Five and a half years (with time served), moreover, is not a crazy verdict when you examine the case. Even that judgment may well be overturned, as Scott explains. Hamdan is only still in jail at all because the government introduced new charges – inapplicable to a military commission – after the original, appropriate ones collapsed:

The military commissions exist to try war crimes. Conspiracy is a war crime. Indeed, Robert Jackson himself labored to make that point at Nuremberg and he succeeded. The conspiracy charges were therefore plainly within the competence of the commissions. And he was acquitted on these charges. But in the second round, “material support” charges were added—a crime invented after the fact, in violation of basic legal and constitutional norms. Notwithstanding vacuous Congressional pronouncements, “material support” is not a war crime.

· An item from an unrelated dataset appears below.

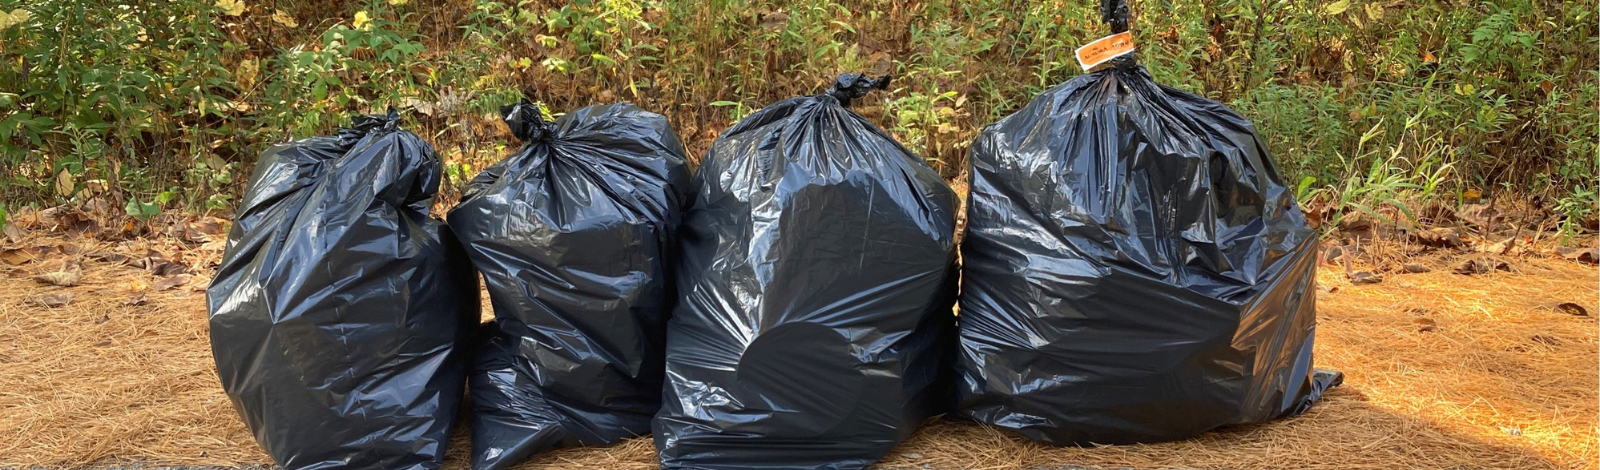 Image of Garbage Bags with orange tags on them

For obvious reasons—if it were a war crime, then the laws of war would be criminalizing entire populations that are enlisted in the support of the criminal regimes which not infrequently in human history have come to power.

If the administration had stuck to the Geneva Conventions, given all captives POW status (not full, but basic), constructed the kind of trials that the US did at Nuremberg, we would not only have been able to use the prosecution of many of these terrorists to broadcast the difference between them and us, we could have kept the guilty from ever being released – at least until Osama bin Laden surrendered. Instead, we have detained and tortured countless innocents, made a mockery of Western standards of justice, pulled the rug from under the Geneva Conventions – one of the greatest achievements of the civilized world – and allowed terrorists and their enablers to run free after a few months.

Could they have ballsed this up any more thoroughly?